It’s about time! Cyril Scott remains one of the undiscovered treasures of the English musical renaissance, a composer of talent with a distinctive style, though as this admirable disc demonstrates, his range was not terribly wide. The music here sounds like a mixture of Debussy, Ravel, and Scriabin. In other words, it’s lush, impressionistic, often chromatic, but never as heavy as the Russian nor quite as supple as the two Frenchmen. An occasional modal tinge gives Scott a distinctly English cast, and there are probably more harp glissandos per minute in all three works than in the music of any other composer. For this reason I wouldn’t recommend taking it all in at a sitting: there is a certain sense of sameness despite the brilliant coloring and alluring textures.
Symphony No. 3 (1937) was dedicated to Beecham, who never performed it, and its scoring includes important parts for wind machine, organ, and wordless chorus (in the finale), making a sort of English Daphnis and Chloe meets The Poem of Ecstasy. The elusive approach to form, tonal fluidity, and dearth of clear-cut melodies makes the piece sound much longer than its 34 minutes. You never quite know where you are in it, but this hardly matters as virtually every moment is texturally ravishing. It’s like a box of really good chocolate truffles: it may be bad for you but you just can’t resist them even as the very thought of eating them all horrifies you.
Piano Concerto No. 2 is necessarily a bit bonier. It dates from 1958, two decades after the symphony, and in its three brief movements it bears scant resemblance to the First Piano Concerto, which enjoyed brief life on Lyrita and sadly has never made it to CD. Howard Shelley does an excellent job making the solo part sound meaningful and goal-oriented, and at 20 minutes the piece hardly has time to outstay its welcome. Indeed, the contrast between the richly textured accompaniments and the harmonic acerbity of much of the solo writing is quite compelling.

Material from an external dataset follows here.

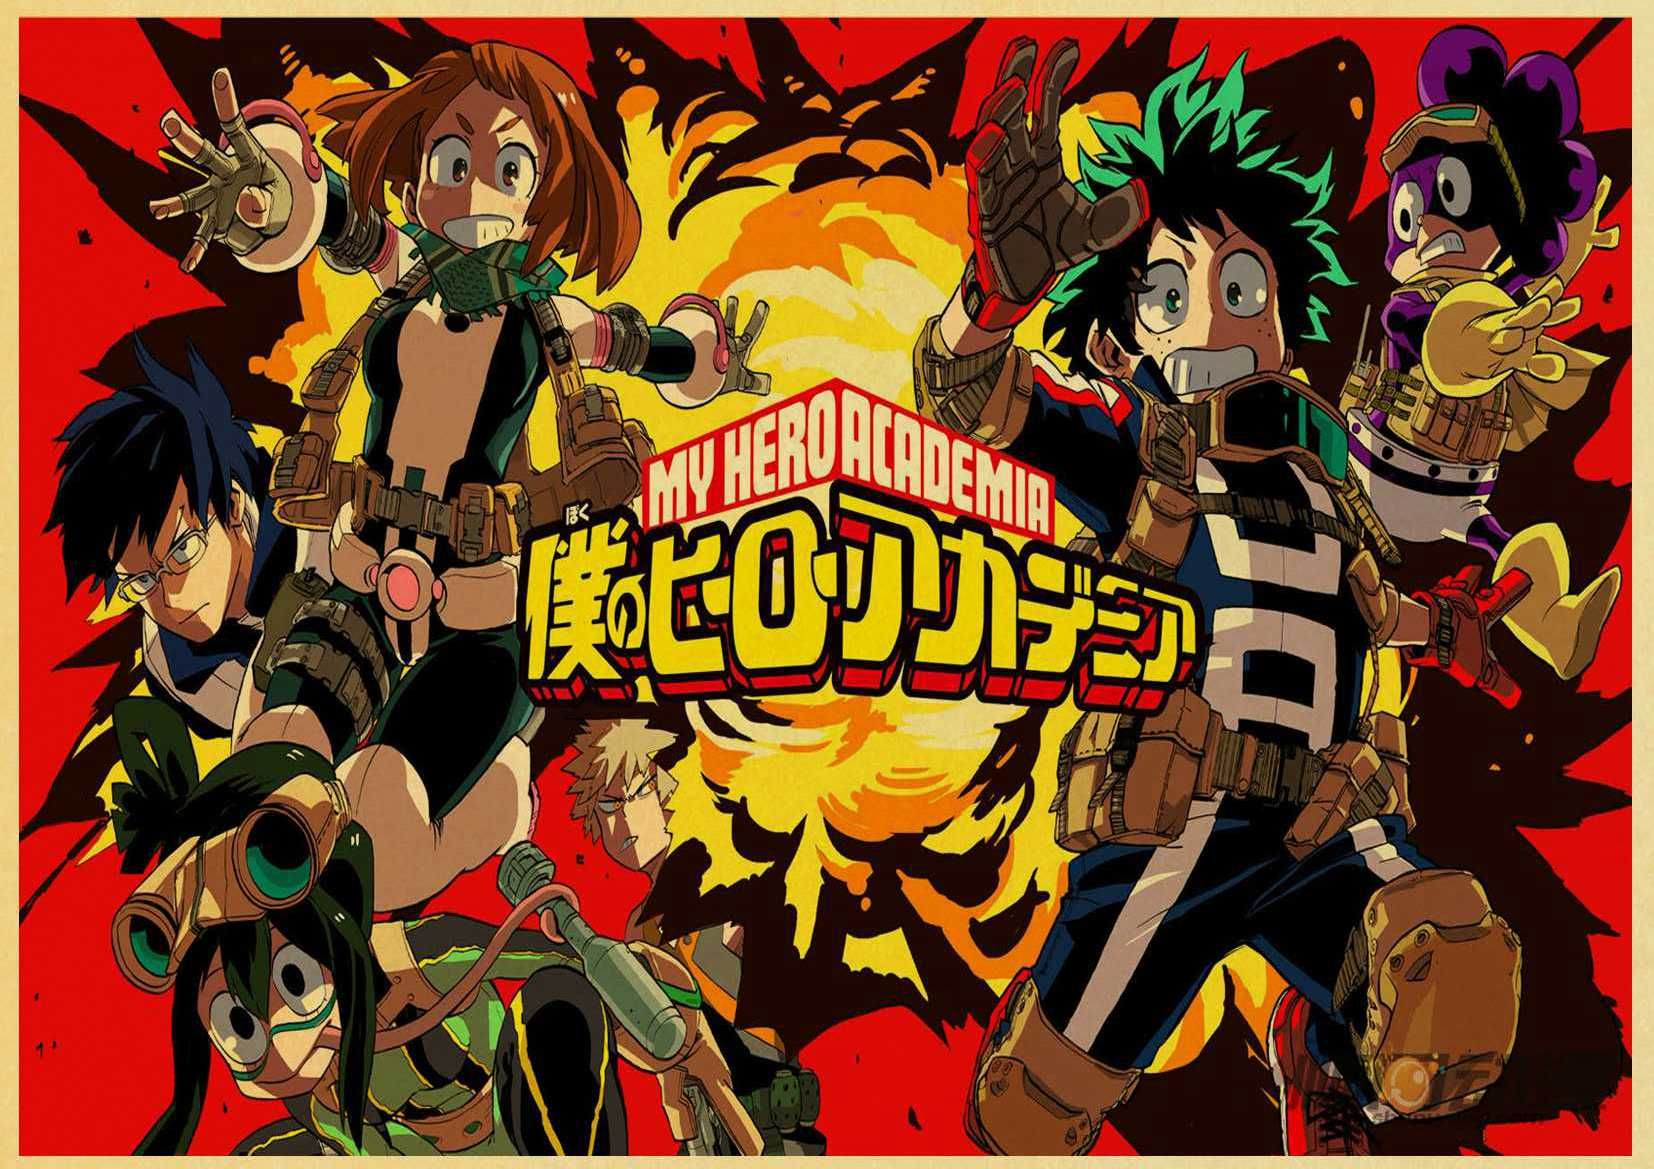 Sick, My Hero Academia Retro poster Free Shipping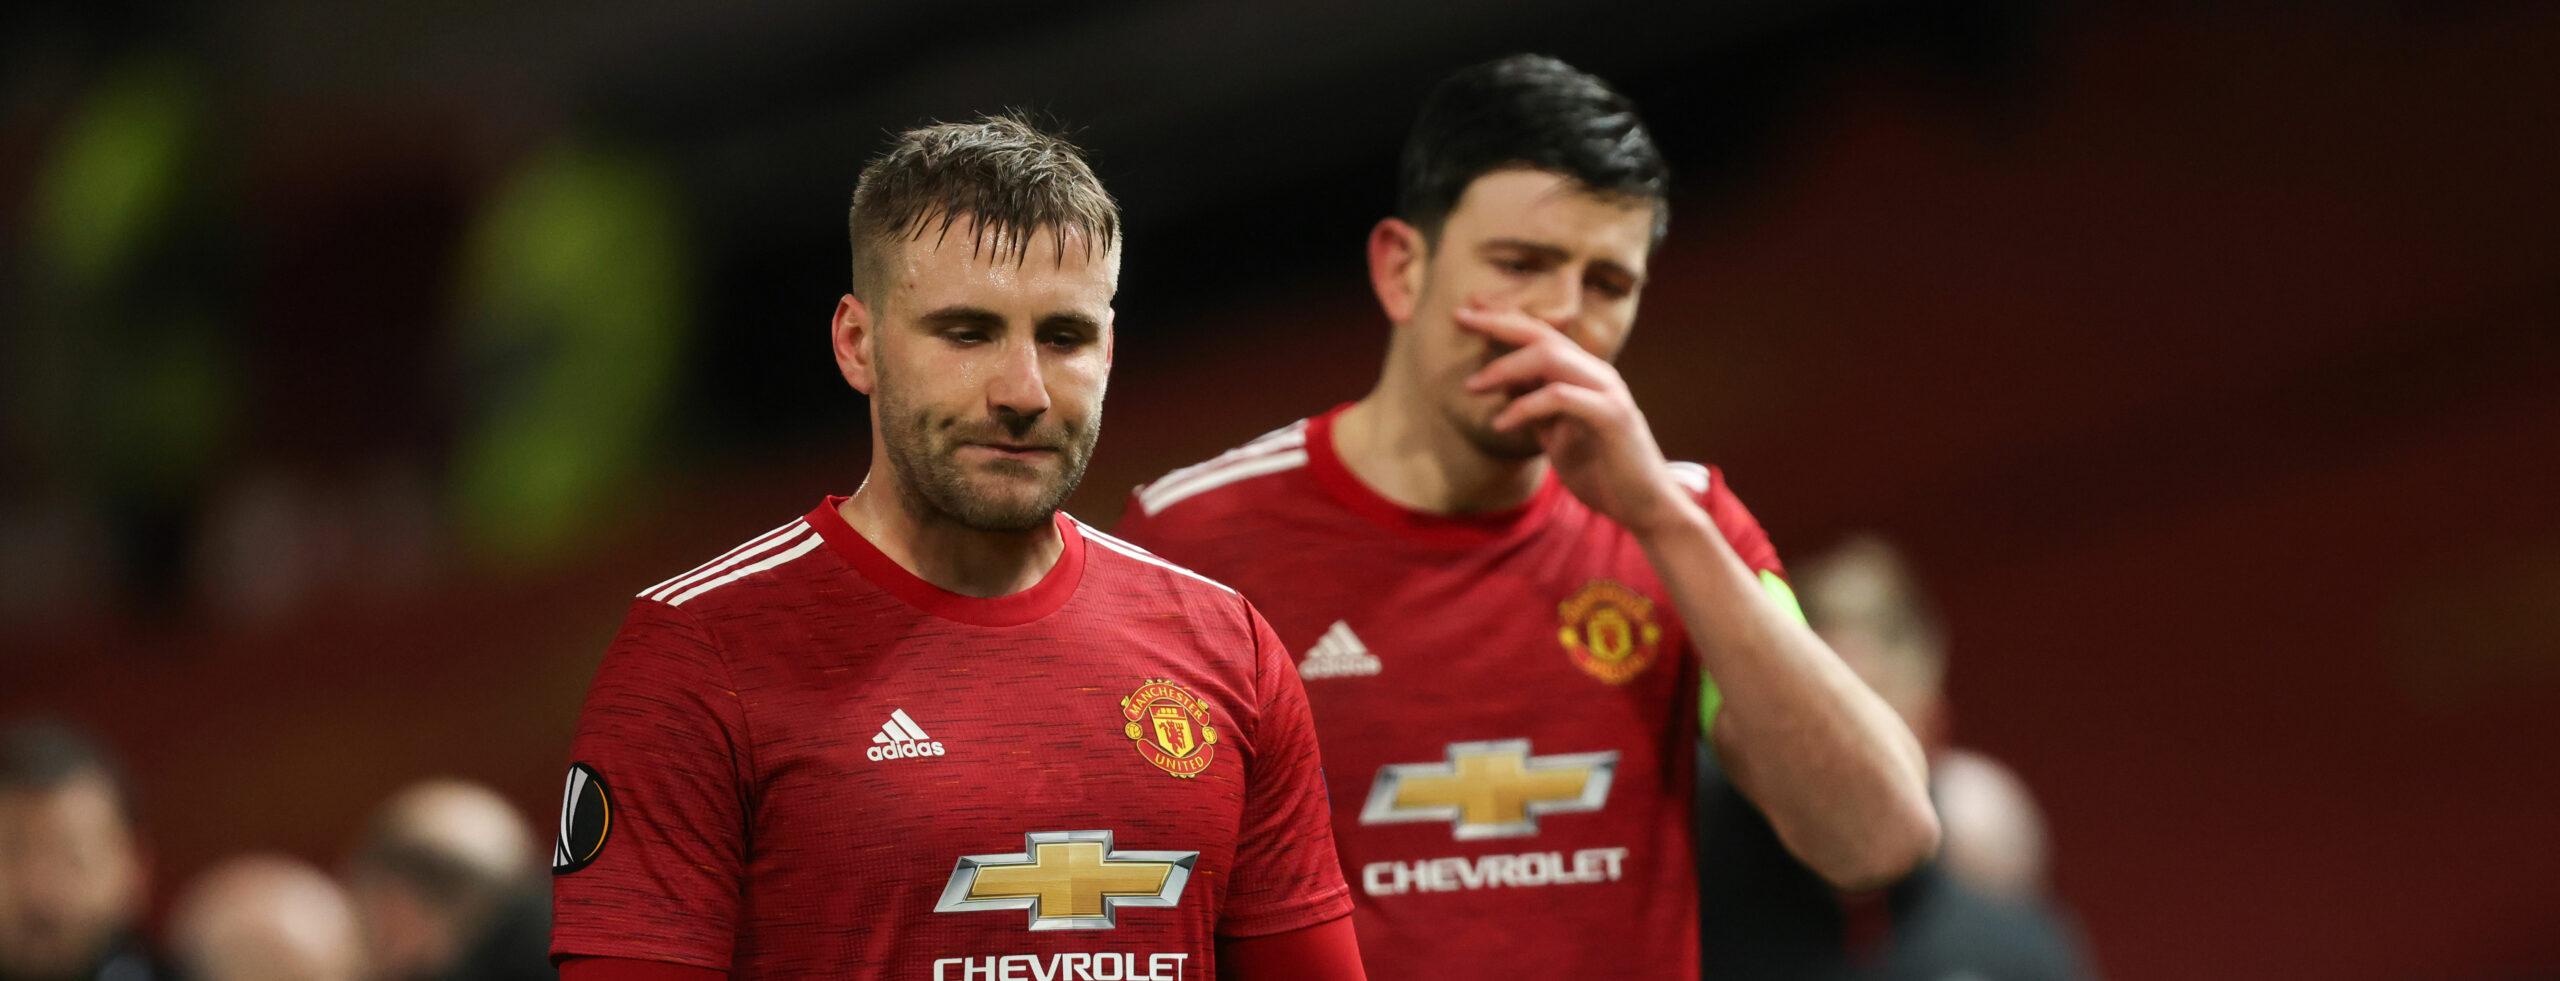 Man Utd vs Brighton: Seagulls to cause United problems

Neptune: Poem of the Sea (1935), which began life as “Disaster at Sea”, a tone poem describing the sinking of the Titanic, also brings back the wind machine and organ. Here, revised in a slightly less narrative form, it sounds just like the symphony, and if Scott had called the piece “Symphony in One Movement” we would be none the wiser for all that the formal aspects of the medium seem to have concerned him.
Chandos has generously given us nearly 80 minutes of music here, all admirably performed by Martyn Brabbins, who strikes me as very sympathetic both to the idiom and to the need never to let the music come to a sensuous standstill. In the last movement of the symphony, the work of the Huddersfield Choral Society does not sound quite as rhythmically sharp as it might be–but then the vocal writing must be terrifically awkward, and with such unfamiliar music we probably have no right to expect perfection. Certainly this comes close enough, with excellent sonics to boot. I hope that Chandos continues to mine what looks to be a particularly fruitful vein of unfamiliar music. It’s the kind of thing the label almost always does best.